Example with stdin input (assumes Bash, Ksh, or Zsh):
$ sed '$ s/.$//' <<< $'line one\nline two'
line one
line tw
To update the input file too (do not use if the input file is a symlink):
sed -i '$ s/.$//' somefile
Note:
On macOS, you'd have to use -i '' instead of just -i; for an overview of the pitfalls associated with -i, see the bottom half of this answer.
If you need to process very large input files and/or performance / disk usage are a concern and you're using GNU utilities (Linux), see ImHere's helpful answer.
truncate
truncate -s-1 file
Removes one (-1) character from the end of the same file. Exactly as a >> will append to the same file.
The problem with this approach is that it doesn't retain a trailing newline if it existed.
The solution is:
if [ -n "$(tail -c1 file)" ] # if the file has not a trailing new line.
then
truncate -s-1 file # remove one char as the question request.
else
truncate -s-2 file # remove the last two characters
echo "" >> file # add the trailing new line back
fi
This works because tail takes the last byte (not char).
It takes almost no time even with big files.
Why not sed
The problem with a sed solution like sed '$ s/.$//' file is that it reads the whole file first (taking a long time with large files), then you need a temporary file (of the same size as the original):
sed '$ s/.$//' file > tempfile
rm file; mv tempfile file
And then move the tempfile to replace the file.
Here's another using ex, which I find not as cryptic as the sed solution:
printf '%s\n' '$' 's/.$//' wq | ex somefile
The $ goes to the last line, the s deletes the last character, and wq is the well known (to vi users) write+quit.
After a whole bunch of playing around with different strategies (and avoiding sed -i or perl), the best way i found to do this was with:
sed '$! { P; D; }; s/.$//' somefile
If the goal is to remove the last character in the last line, this awk should do:
awk '{a[NR]=$0} END {for (i=1;i<NR;i++) print a[i];sub(/.$/,"",a[NR]);print a[NR]}' file
sometext
moretext
lastlin
It store all data into an array, then print it out and change last line.
Just a remark: sed will temporarily remove the file.
So if you are tailing the file, you'll get a "No such file or directory" warning until you reissue the tail command.
EDITED ANSWER
I created a script and put your text inside on my Desktop. this test file is saved as "old_file.txt"
sometext
moretext
lastline
Afterwards I wrote a small script to take the old file and eliminate the last character in the last line
#!/bin/bash
no_of_new_line_characters=`wc '/root/Desktop/old_file.txt'|cut -d ' ' -f2`
let "no_of_lines=no_of_new_line_characters+1"

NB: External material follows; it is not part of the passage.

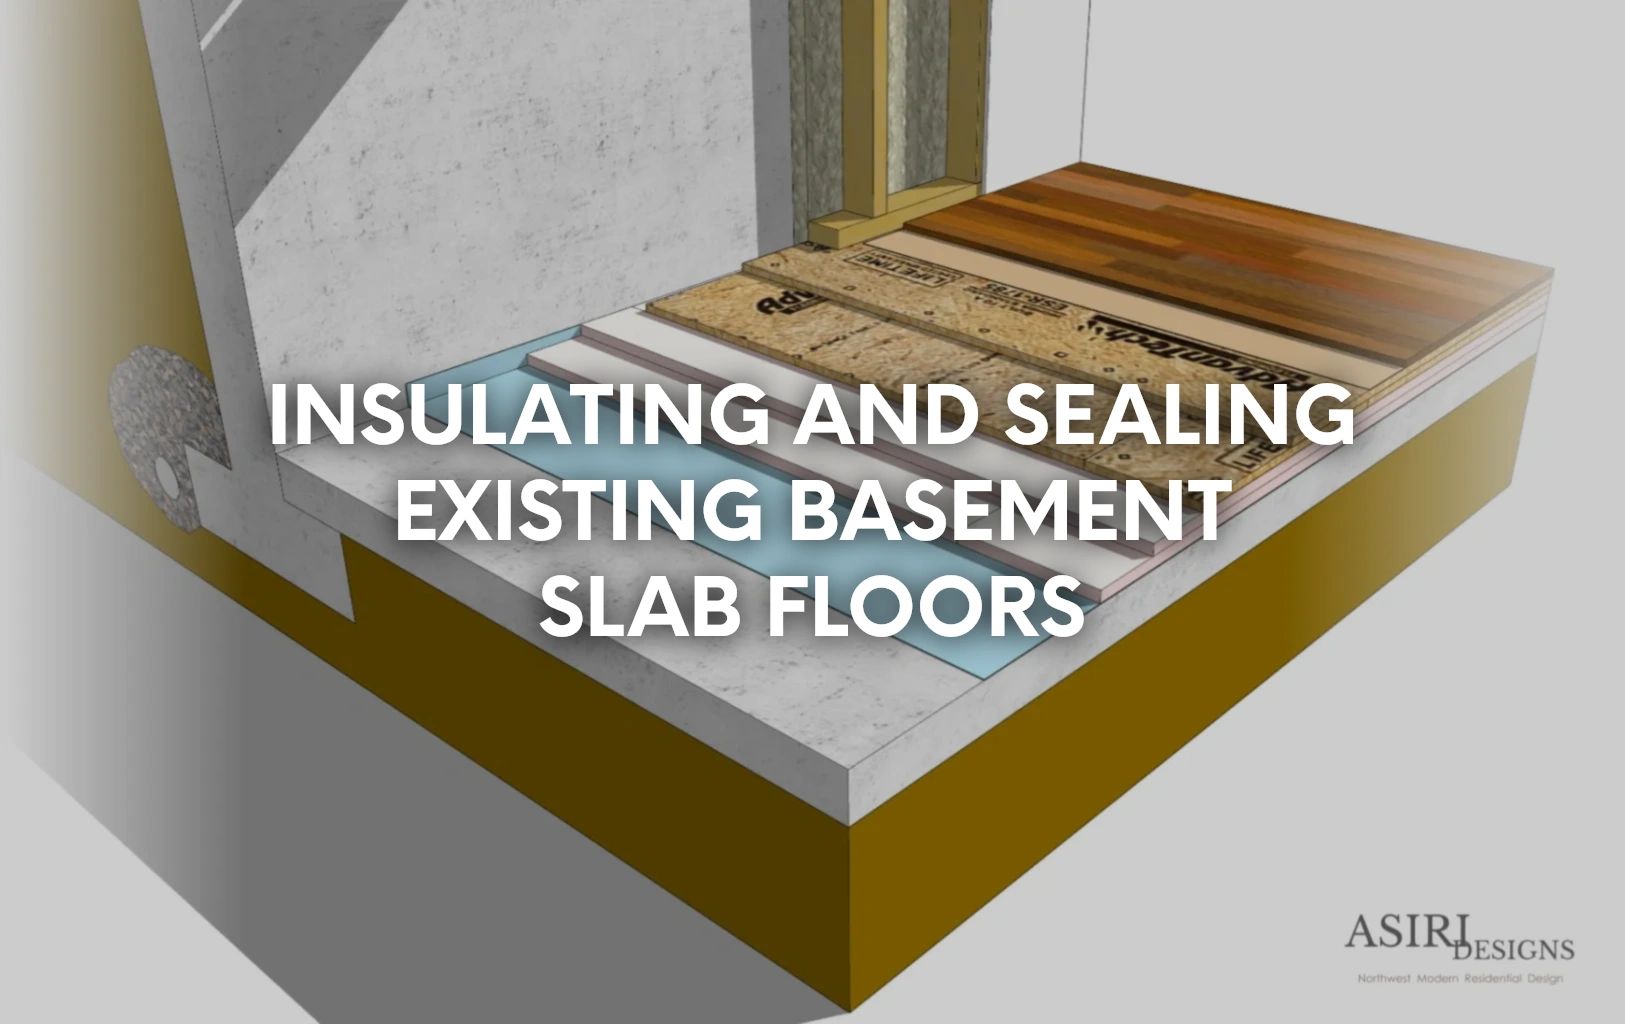 100% Epoxy to waterproof basements, slabs or any masonry surface

sed -n 1,"$no_of_new_line_characters"p '/root/Desktop/old_file.txt' > '/root/Desktop/my_new_file'
sed -n "$no_of_lines","$no_of_lines"p '/root/Desktop/old_file.txt'|sed 's/.$//g' >> '/root/Desktop/my_new_file'
opening the new_file I created, showed the output as follows:
sometext
moretext
lastlin
I apologize for my previous answer (wasn't reading carefully)
sed 's/.$//' filename | tee newFilename
This should do your job.
A couple perl solutions, for comparison/reference:
(echo 1a; echo 2b) | perl -e '$_=join("",<>); s/.$//; print'
(echo 1a; echo 2b) | perl -e 'while(<>){ if(eof) {s/.$//}; print }'
I find the first read-whole-file-into-memory approach can be generally quite useful (less so for this particular problem). You can now do regex's which span multiple lines, for example to combine every 3 lines of a certain format into 1 summary line.
For this problem, truncate would be faster and the sed version is shorter to type. Note that truncate requires a file to operate on, not a stream. Normally I find sed to lack the power of perl and I much prefer the extended-regex / perl-regex syntax. But this problem has a nice sed solution.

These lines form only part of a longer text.